A casino dealer is working on a new Three Card Poker variant. She takes all the face cards from a standard deck and thoroughly shuffles them. She then deals 3 cards to Player #1, three cards to Player #2, three cards to Player #3, and the final three cards to Player #4. What is the probability that all four hands will contain a straight (J-Q-K of any suit)?

First player, first card - must be correct.

First player, second card - must be one of the 8 from 11 cards that don't match the first card.

First player, third card - must be one of the 4 from 10 cards that don't match the first or second cards.

So P(player 1) = 1 * 8/11 * 4/10.

Similarly P(player 2) = 1 * 6/8 * 3/7

Similarly P(Player 3) = 1 * 4/5 * 2/4

And then Player 4 must get a straight.

These are the same numbers as ChesterDog starts with but I then get 72/1925.

(I think this is because he needs 3*2*1 as the numerators for the 4th player.)

Quote:charliepatrickI'm just looking at the chances at each stage of dealing he nexr card correctly.

First player, first card - must be correct.

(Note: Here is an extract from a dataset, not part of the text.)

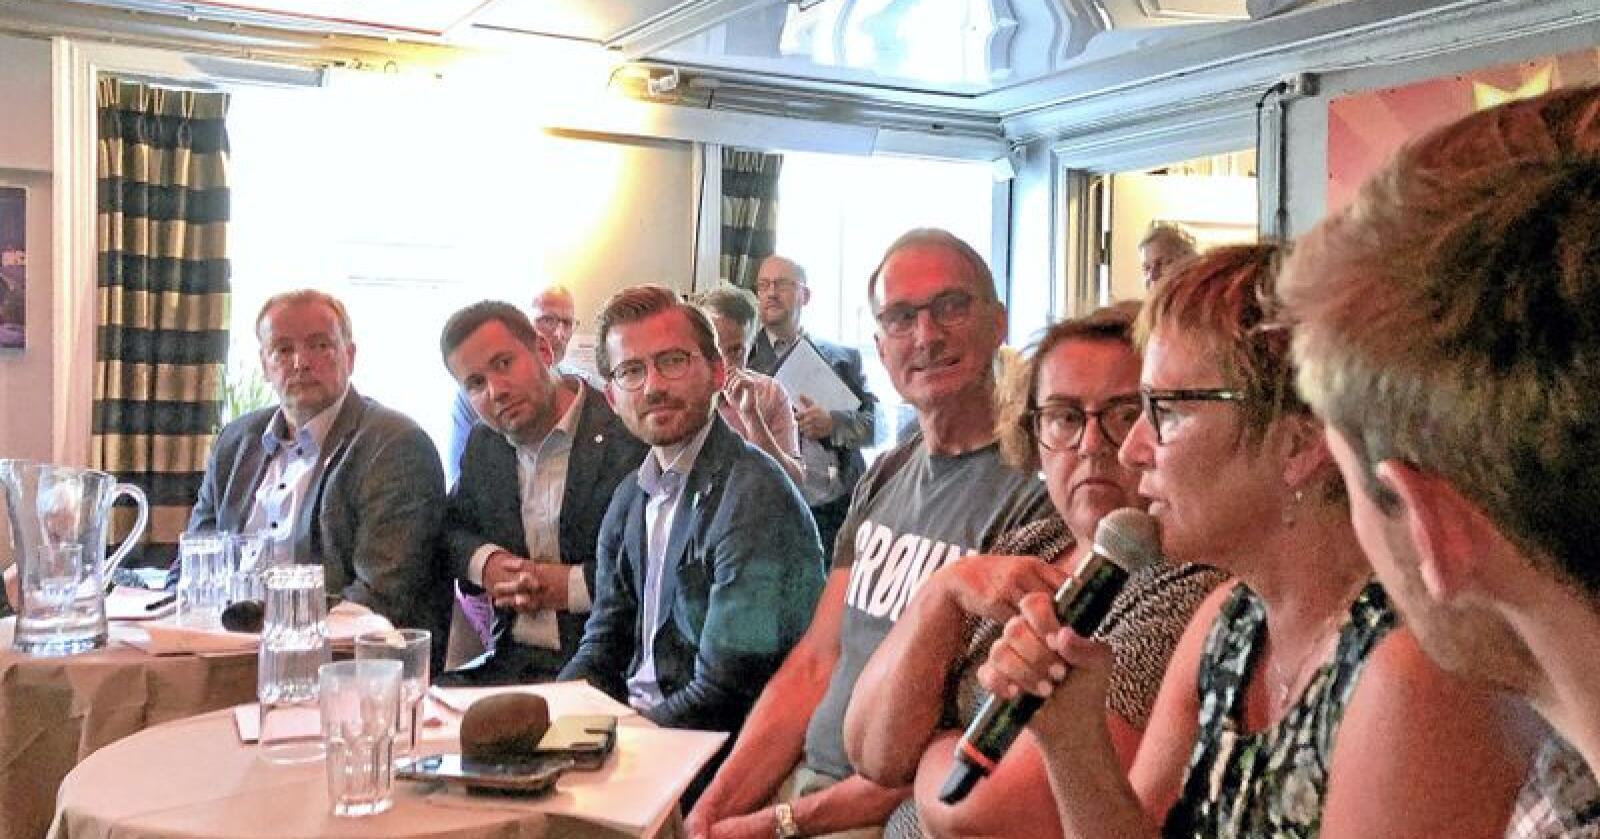 Politikarpanelet utveksla meiningar om kjøtforbruket i Noreg. Frå venstre: Terje Halleland (Frp), Geir Pollestad (Sp), Sveinung Rotevatn (V), Harald Moskvil (MDG), Olaug Bollestad (KrF), Margunn Ebbesen (H) og Nils Kristen Sandtrøen (Ap). Foto: Line Omland Eilevstjønn

First player, second card - must be one of the 8 from 11 cards that don't match the first card.

First player, third card - must be one of the 4 from 10 cards that don't match the first or second cards.

So P(player 1) = 1 * 8/11 * 4/10.

Similarly P(player 2) = 1 * 6/8 * 3/7

Similarly P(Player 3) = 1 * 4/5 * 2/4

And then Player 4 must get a straight.

These are the same numbers as ChesterDog starts with but I then get 72/1925.

(I think this is because he needs 3*2*1 as the numerators for the 4th player.)

I guess your answer include the STRAIGHT FLUSH. I also get (4^3)/12C3 * (3^3)/9C3 * (2^3)/6C3 * (1^3)/3C3 = 72/1925 (include STRAIGHT FLUSH)

What if only consider STRAIGHT(WITHOUT any STRAIGHT FLUSH) ?

Quote:charliepatrick...These are the same numbers as ChesterDog starts with but I then get 72/1925.

(I think this is because he needs 3*2*1 as the numerators for the 4th player.)

Thanks! Now, I see that I missed the 3*3*1.

So, I agree it should be 12*8*4 * 9*6*3 * 6*4*2 * 3*2*1 / 12! = 72/1925.

Quote:ssho88...What if only STRAIGHT but WITHOUT any STRAIGHT FLUSH?

I guess that's the real trick of the puzzle. I get:

72/1925 - 12*2*1*9*2*1*6*2*1*3*2*1 = 72/1925 - 1/15400 = 23/616

Quote:ChesterDogQuote:charliepatrick...These are the same numbers as ChesterDog starts with but I then get 72/1925.

(I think this is because he needs 3*2*1 as the numerators for the 4th player.)

Thanks! Now, I see that I missed the 3*3*1.

So, I agree it should be 12*8*4 * 9*6*3 * 6*4*2 * 3*2*1 / 12! = 72/1925.

I guess that's the real trick of the puzzle. I get:

72/1925 - 12*2*1*9*2*1*6*2*1*3*2*1 = 72/1925 - 1/15400 = 23/616

If EXCLUDED any straight flush, I get 453/15400 = 0.0294

Quote:ssho88...If EXCLUDED any straight flush, I get 453/15400 = 0.0294

Thanks; I see that I made a mistake on excluding the straight flushes.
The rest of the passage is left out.